8 Jun 2016 | Jiwei Li1*, Michel Galley2 Chris Brockett2 Georgios P. Spithourakis3*, Jianfeng Gao2 Bill Dolan2
This paper introduces two persona-based neural conversation models to address the issue of speaker consistency in neural response generation. The first model, the Speaker Model, encodes speaker characteristics such as background information and speaking style into distributed embeddings. The second model, the Speaker-Addressee Model, captures interaction patterns between two interlocutors. These models improve performance in perplexity and BLEU scores compared to baseline sequence-to-sequence models, with similar gains in speaker consistency as measured by human judges.

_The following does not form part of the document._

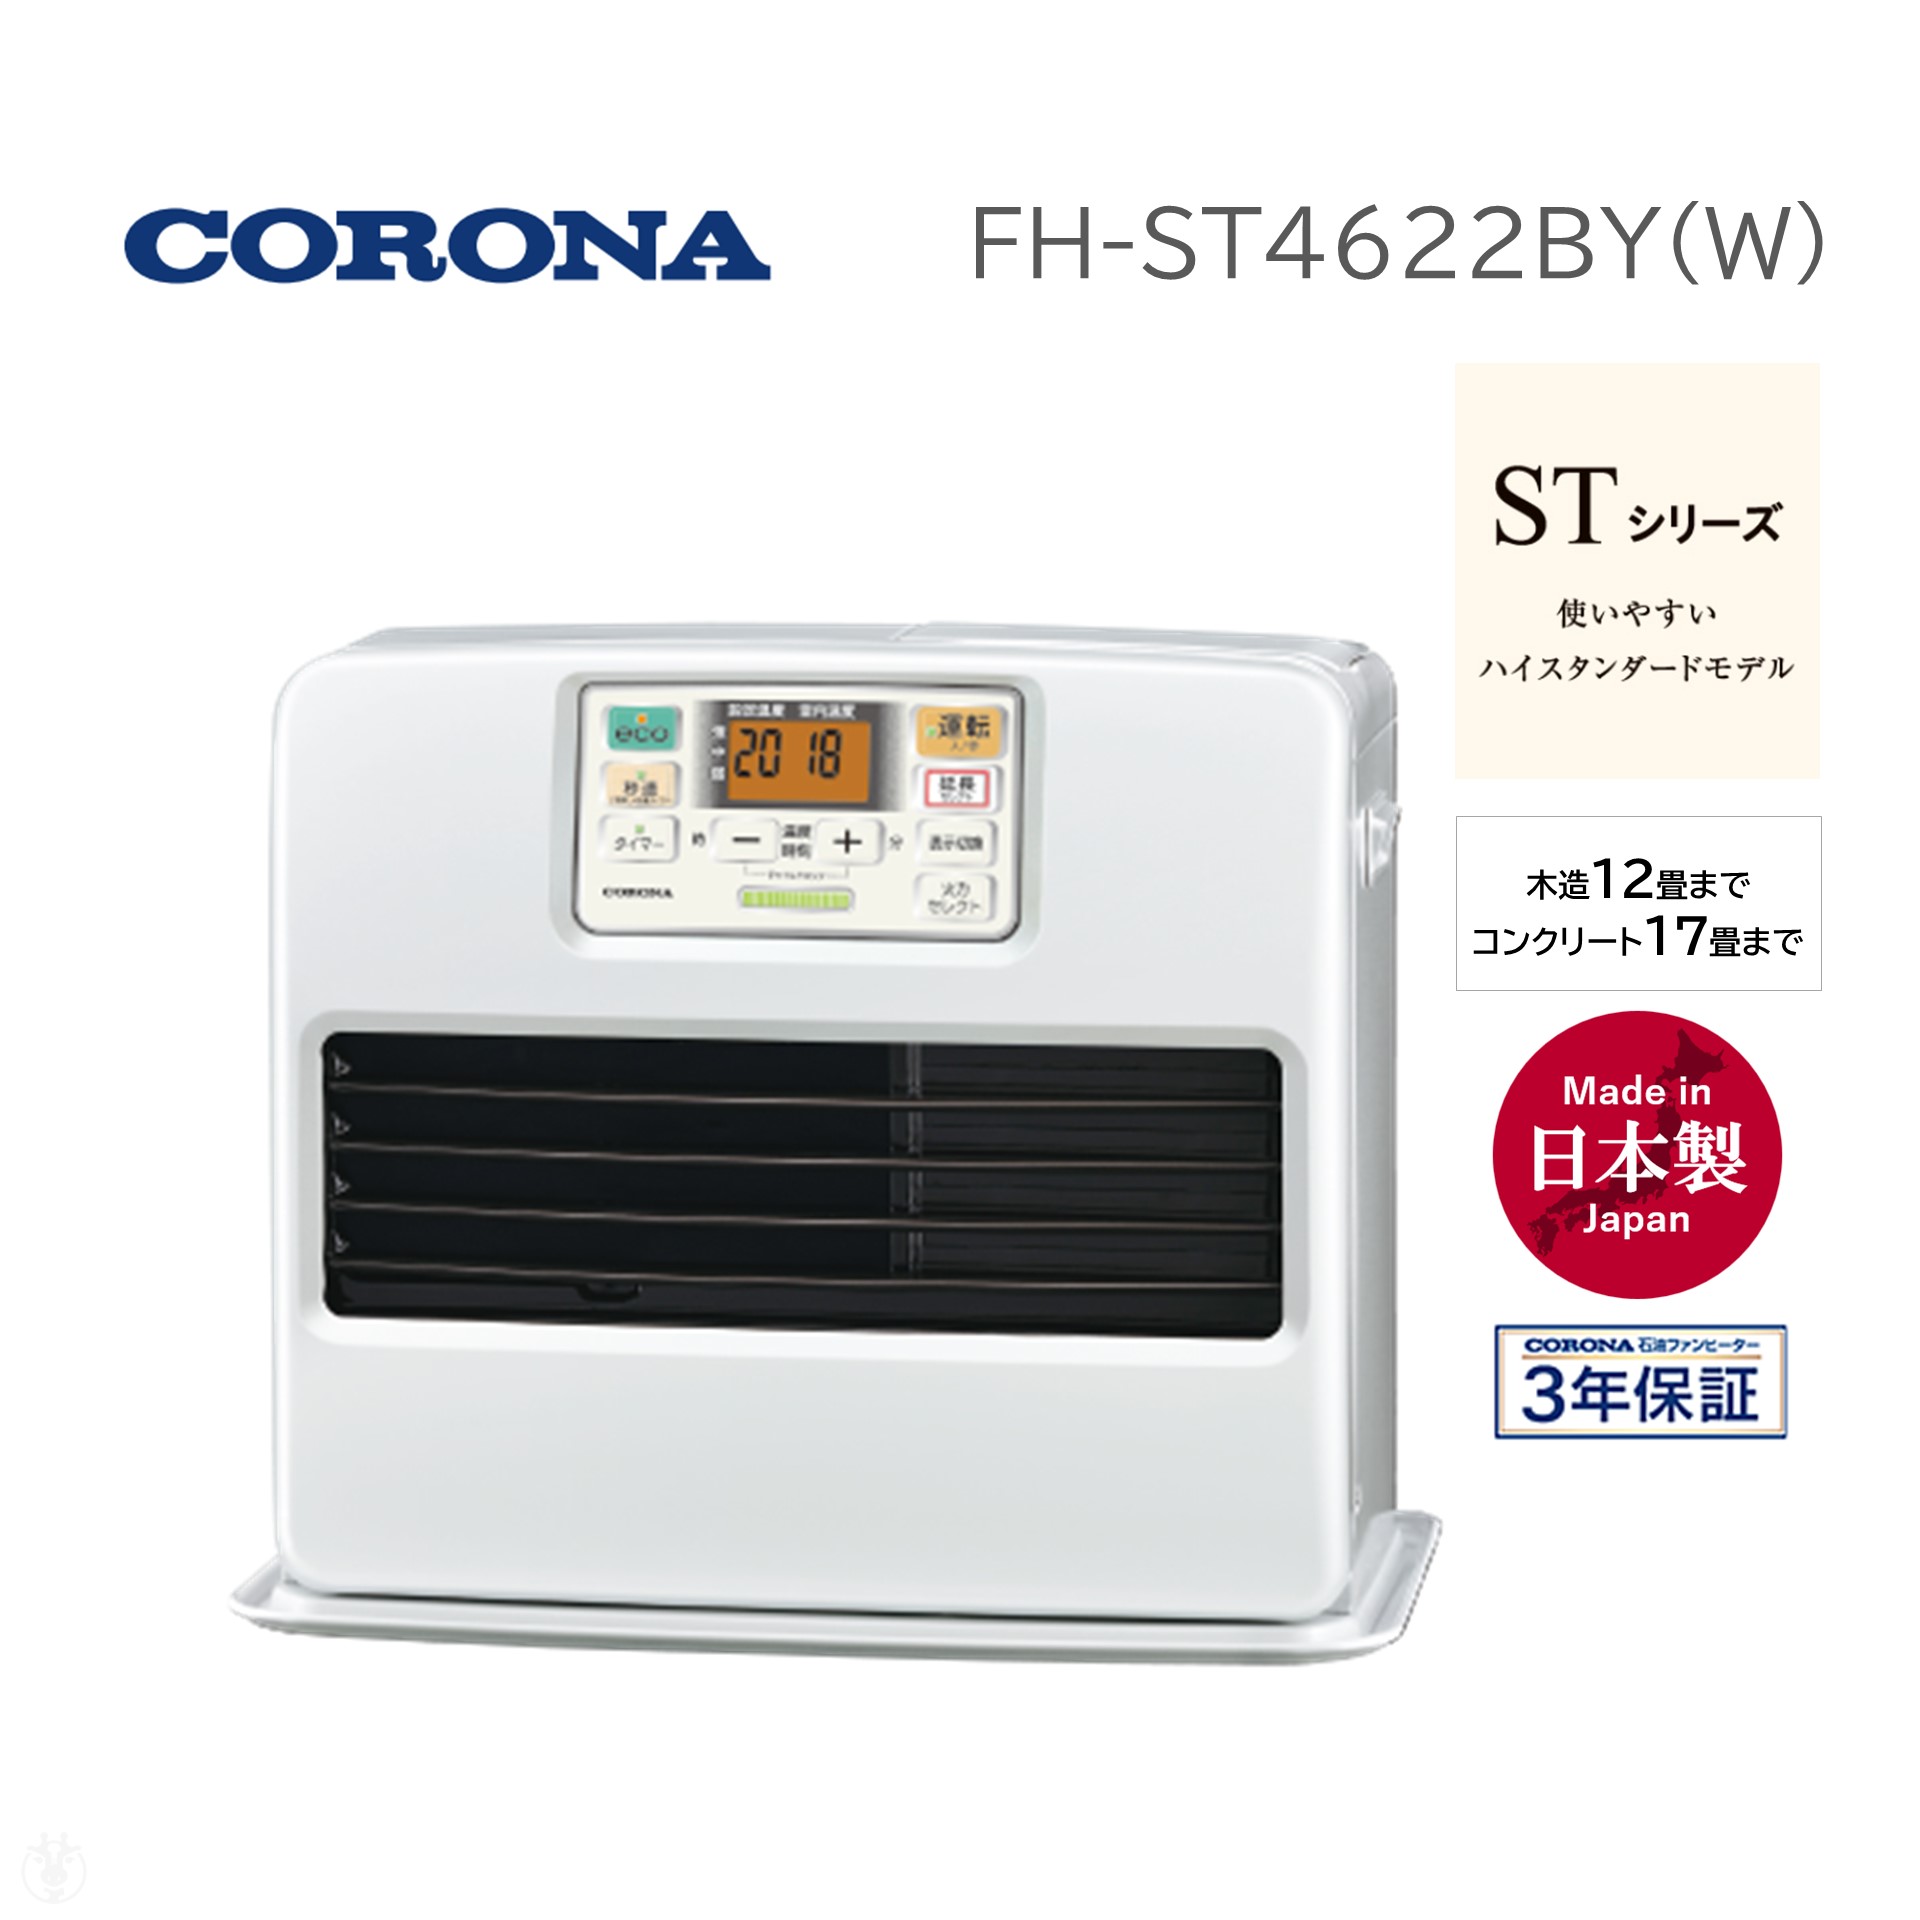 コロナ CORONA FH-ST4622BY (W) パールホワイト STシリーズ 石油ファン

The Speaker Model integrates a speaker-level vector representation into the target part of the sequence-to-sequence model. The Speaker-Addressee Model encodes interaction patterns by combining individual embeddings of the speaker and addressee. These persona vectors are trained on human-human conversation data and used during testing to generate personalized responses. Experiments on Twitter conversations and TV series scripts show that leveraging persona vectors can improve BLEU scores by up to 20% and perplexity by 12%, with corresponding gains in consistency as judged by human annotators.

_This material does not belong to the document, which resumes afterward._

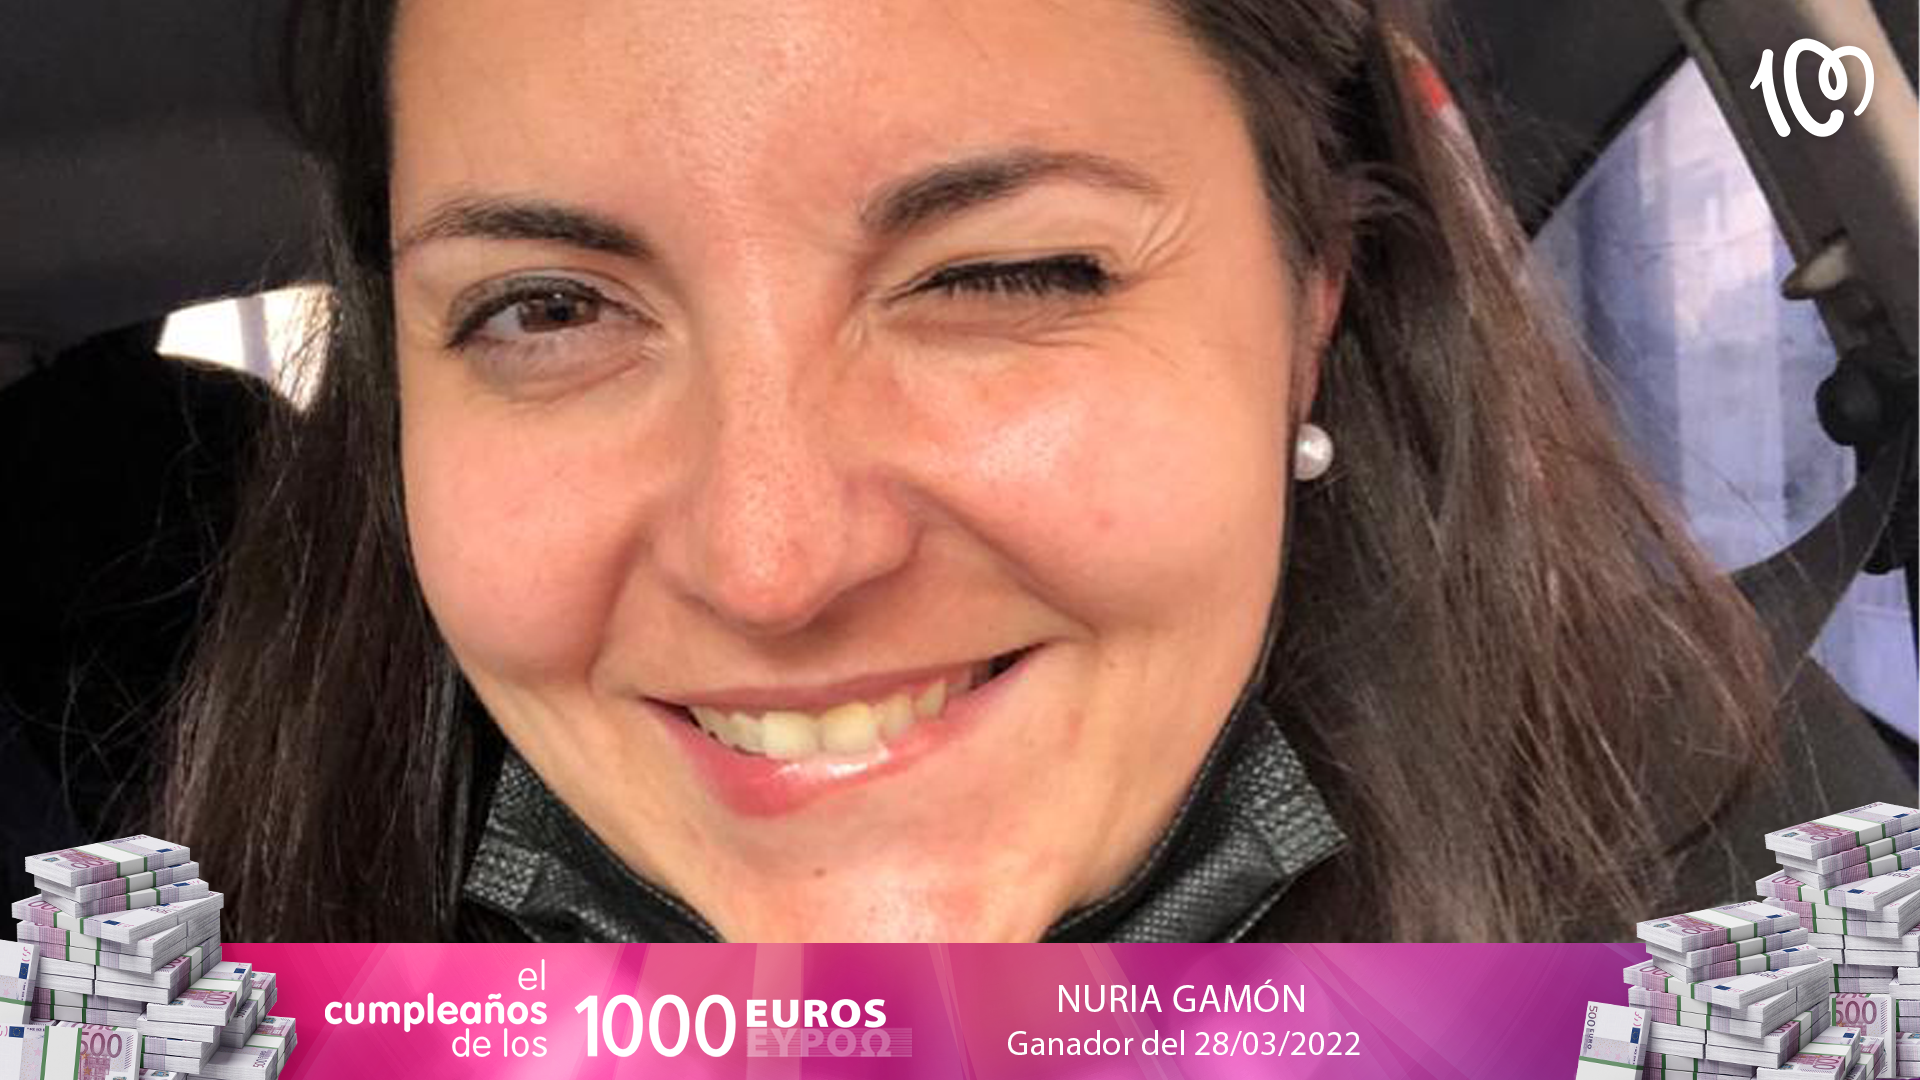 Nuria gana 2.000 euros con tan solo una llamada: "¡Es increíble!"

The paper also discusses related work, including previous approaches to conversational dialog generation and the use of neural language models. It presents the sequence-to-sequence model architecture, including the LSTM mechanism and decoding process. The Speaker Model and Speaker-Addressee Model are evaluated on various datasets, including the Twitter Persona Dataset and TV series transcripts. Results show that the Speaker Model significantly improves performance in terms of perplexity and BLEU scores compared to the standard sequence-to-sequence model. The Speaker-Addressee Model also shows improvements, though the gains are less pronounced.

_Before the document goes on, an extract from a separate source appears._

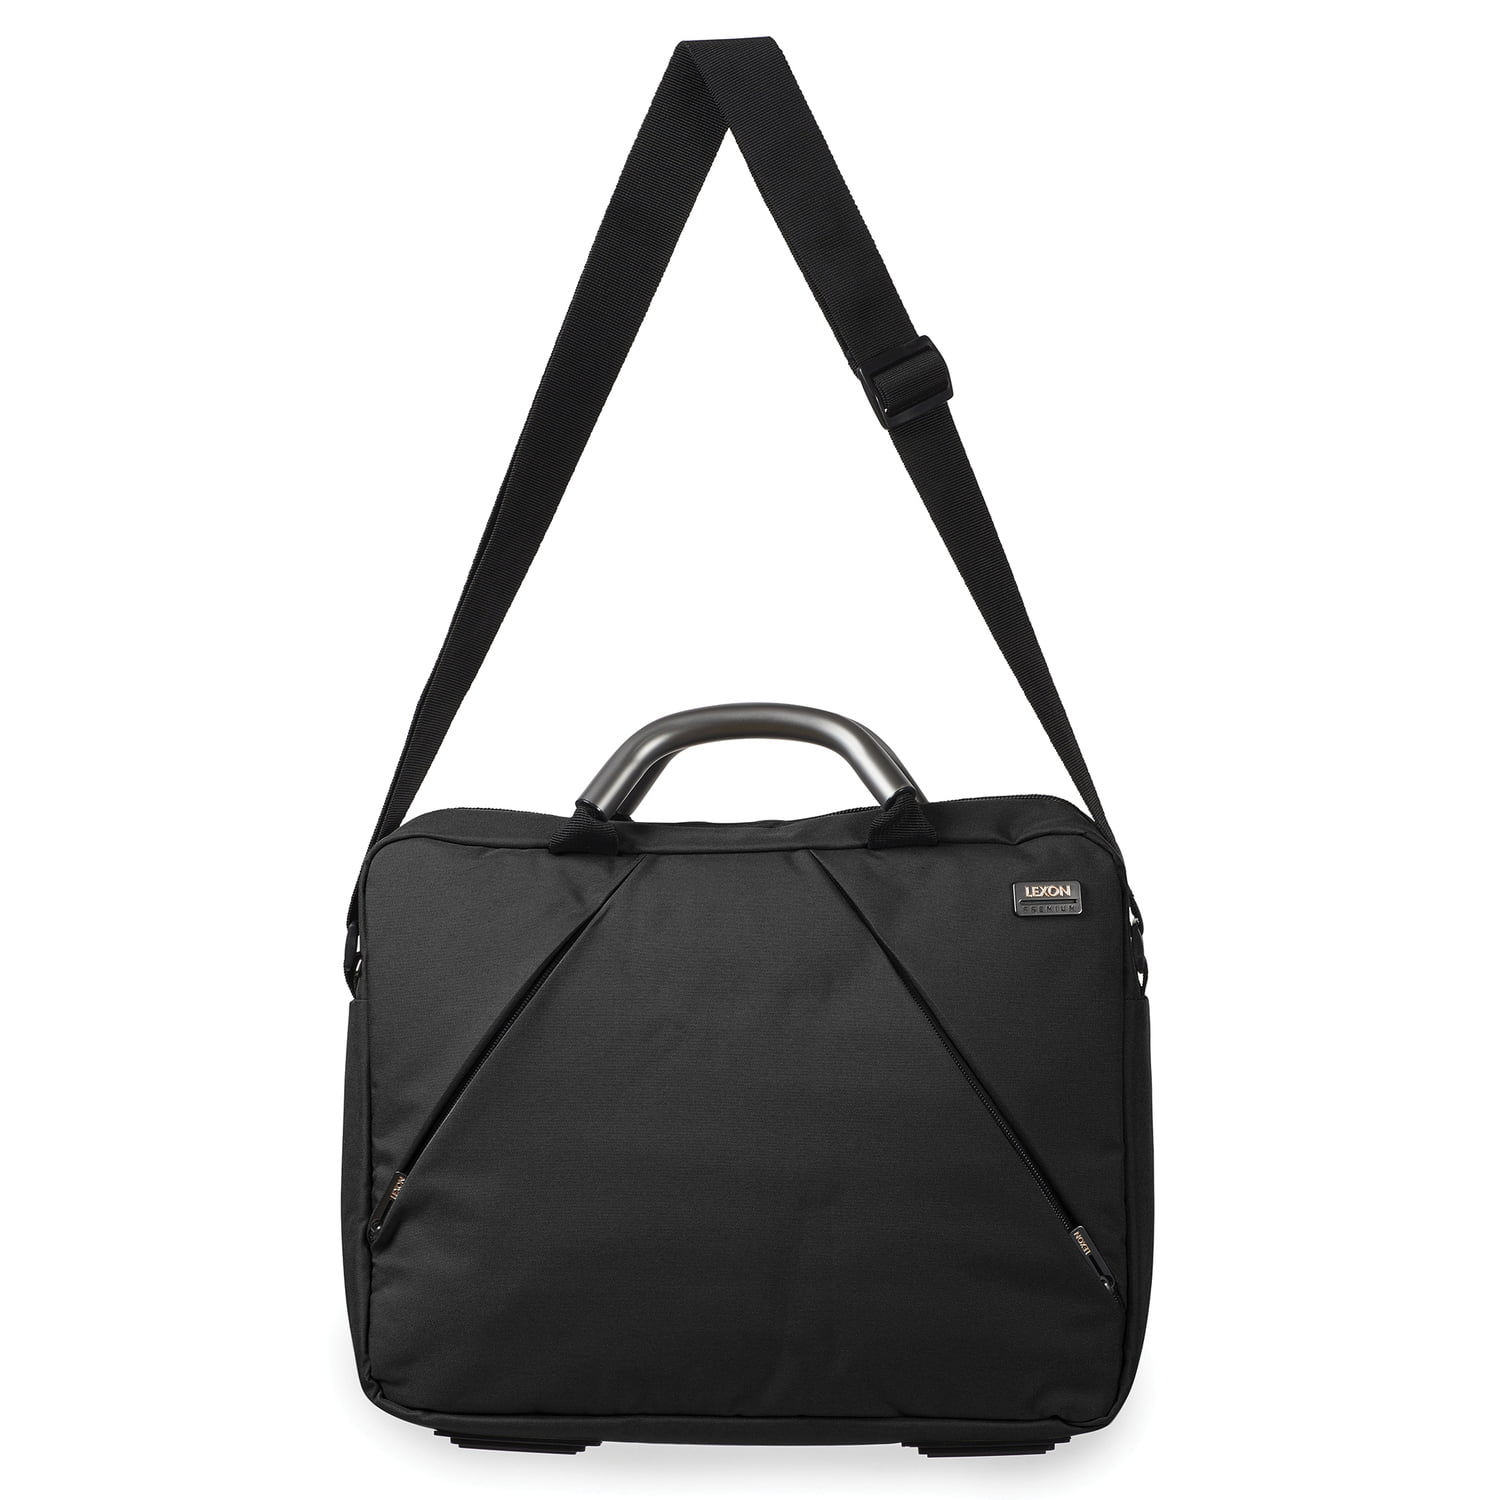 67% OFF on LEXON Air Attache Messenger Bag(Brown, 5 L) on Flipkart |  PaisaWapas.com

Qualitative analysis of the models' outputs shows that they generate responses that are more consistent with the speaker's persona. Human evaluation of the models' outputs confirms that the persona-based models produce more consistent responses than the baseline model. The paper concludes that encoding personas in distributed representations allows the models to capture personal characteristics such as speaking style and background information, leading to more natural and consistent conversational responses. The models are shown to be effective in generating responses that accurately emulate an individual's persona in terms of linguistic behavior and other characteristics.This paper introduces two persona-based neural conversation models to address the issue of speaker consistency in neural response generation. The first model, the Speaker Model, encodes speaker characteristics such as background information and speaking style into distributed embeddings. The second model, the Speaker-Addressee Model, captures interaction patterns between two interlocutors. These models improve performance in perplexity and BLEU scores compared to baseline sequence-to-sequence models, with similar gains in speaker consistency as measured by human judges.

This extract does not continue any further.